According to the criminal complaint, Castillo owned three businesses: Y. Castillo, P.C., Castillo Heating and Cooling Corporation, and Hudson Accounting Services and maintained 29 separate bank accounts.

One victim organization, only identified as a religious institution in Glendale, New York, allegedly transferred about $200,000 to Castillo between 2016 and 2020 to cover their business taxes, which she instead directed into her bank accounts.

She also charged them more than $14,000 for the preparation and filing of their taxes during that time frame, and also allegedly stole an additional $7,000 from the account in 2019.

A nearly identical situation occurred with a Jersey City school between 2016 and 2018, where Castillo received $195,000 to submit to the IRS to pay their federal business taxes.

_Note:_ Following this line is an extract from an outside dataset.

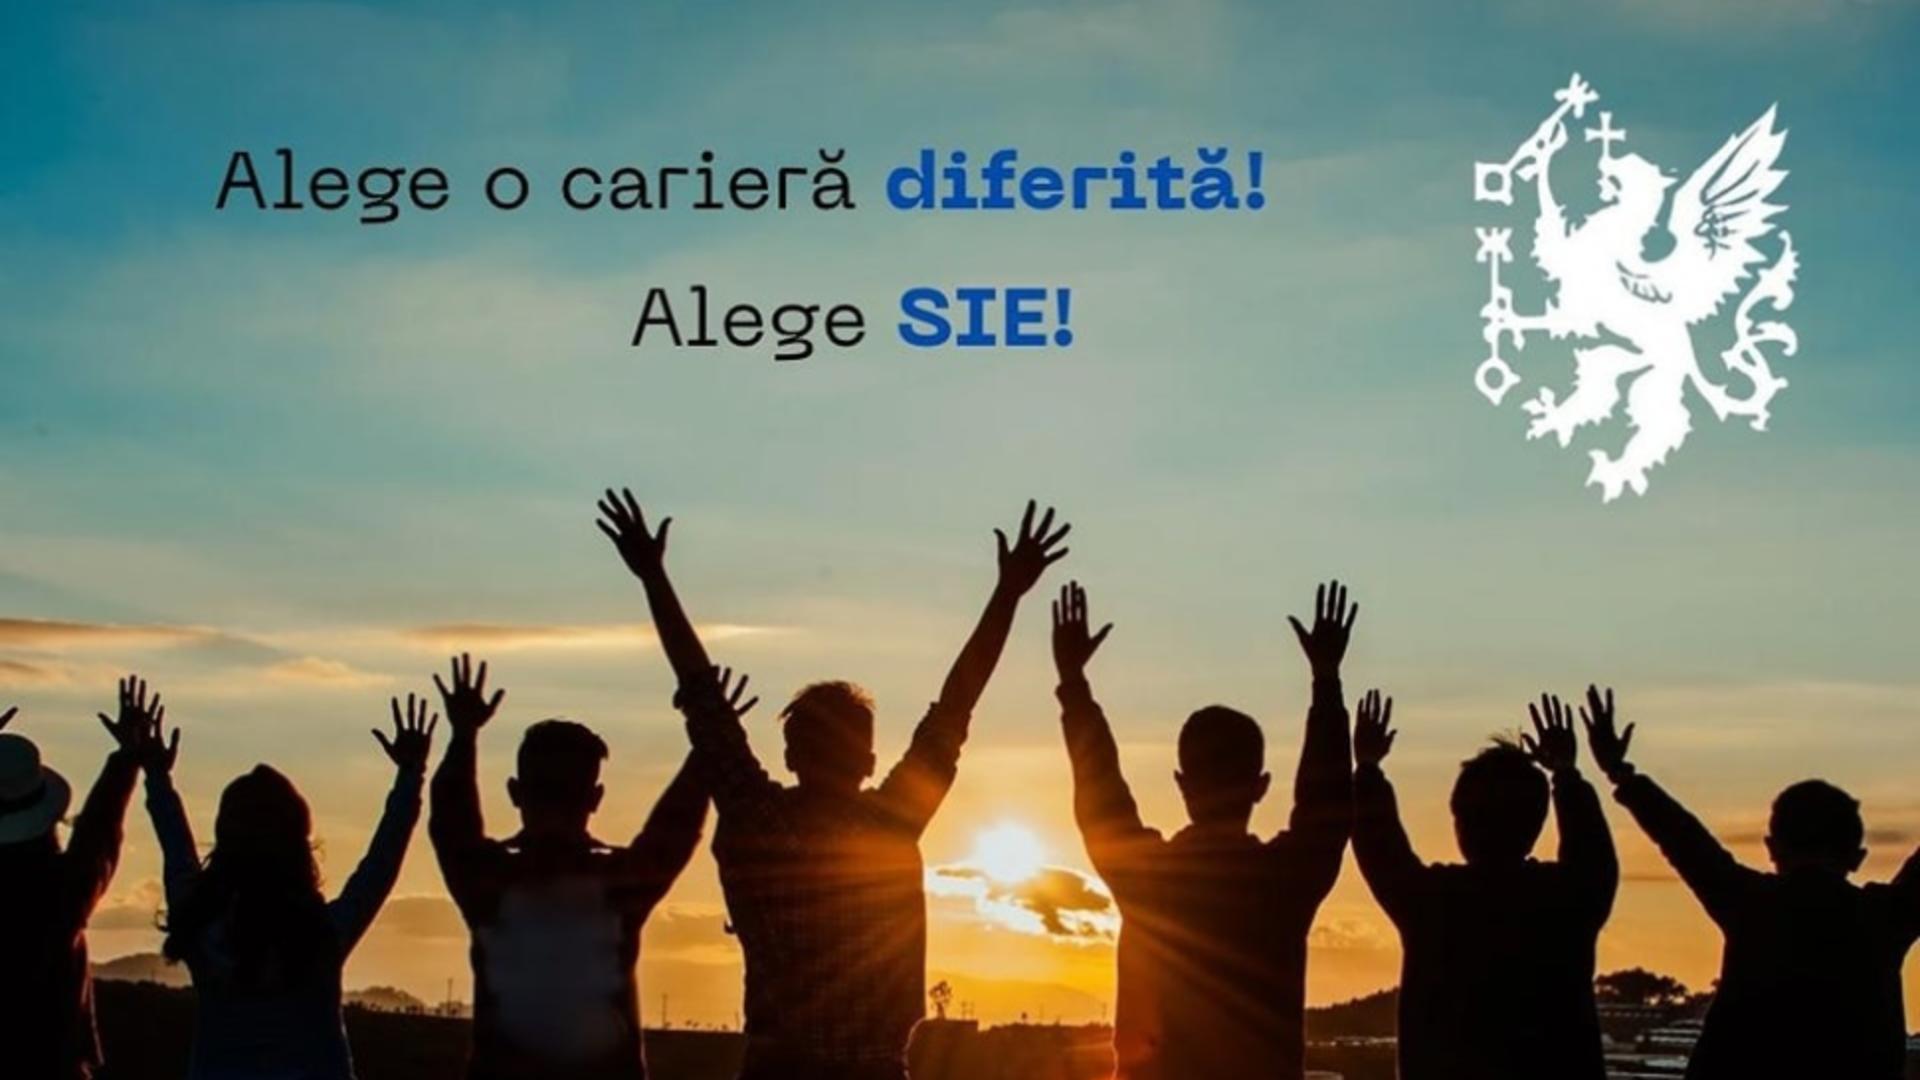 Anunț de promovare SIE. Foto: Facebook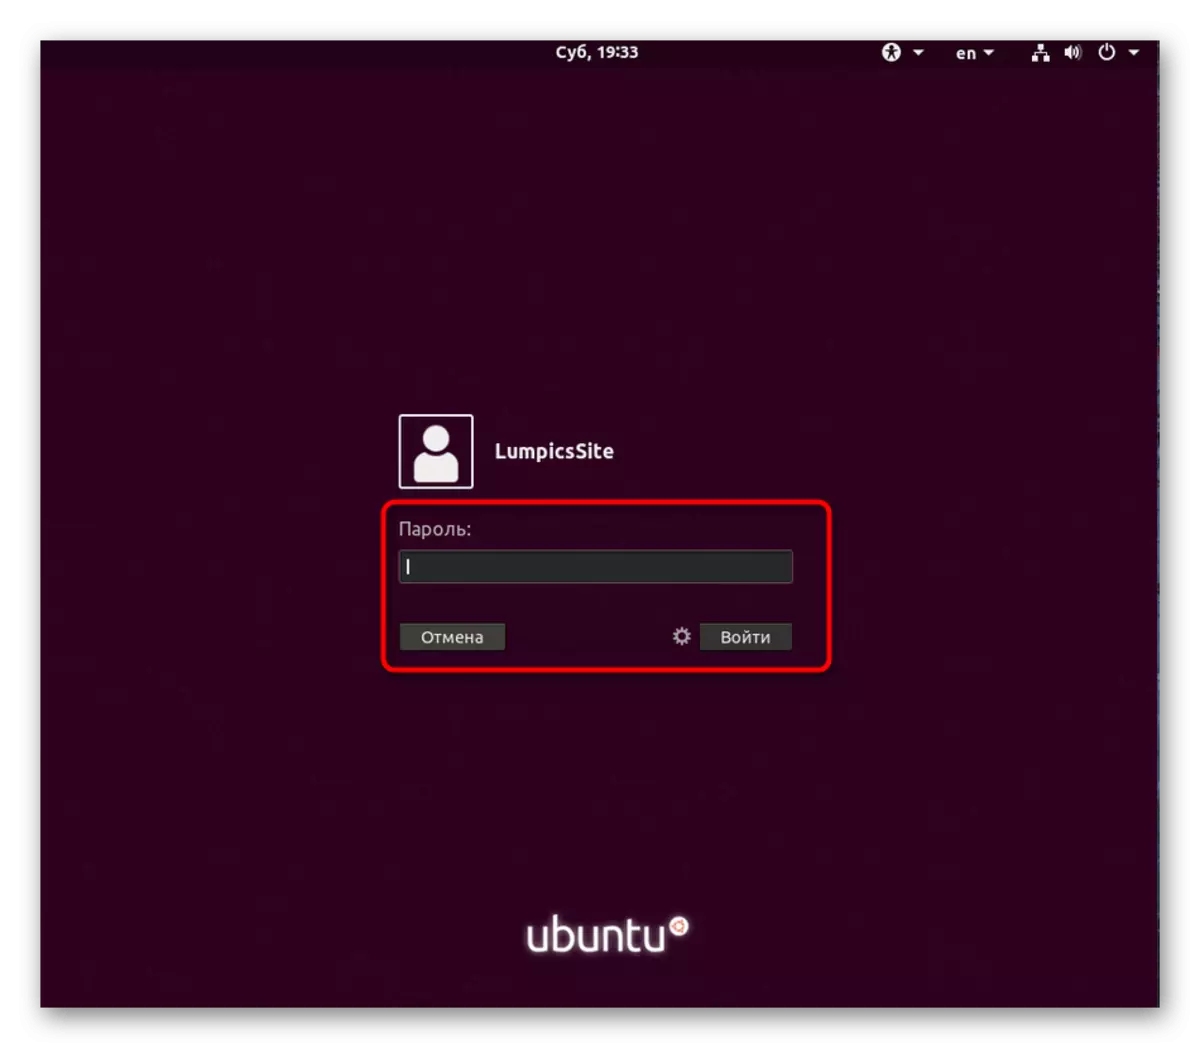 Geben Sie das Passwort ein, um den Benutzer in Ubuntu zu autorisieren

In this instance, she charged $8,100 for tax preparation and filing services and took an additional $8,000 without permission in 2016.

In addition to the prison term, Wigenton sentenced Castillo to three years of supervised release and ordered restitution of $3.25 million and forfeiture of $3.25 million.

Sellinger credited special agents of the FBI, special agents of the U.S. Department of Housing and Urban Development, Office of the Inspector General, and special agents of IRS – Criminal Investigation, with the investigation leading to the sentencing.

The government is represented by Assistant U.S. Attorney Blake Coppotelli of the U.S. Attorney’s Office Economic Crimes Unit.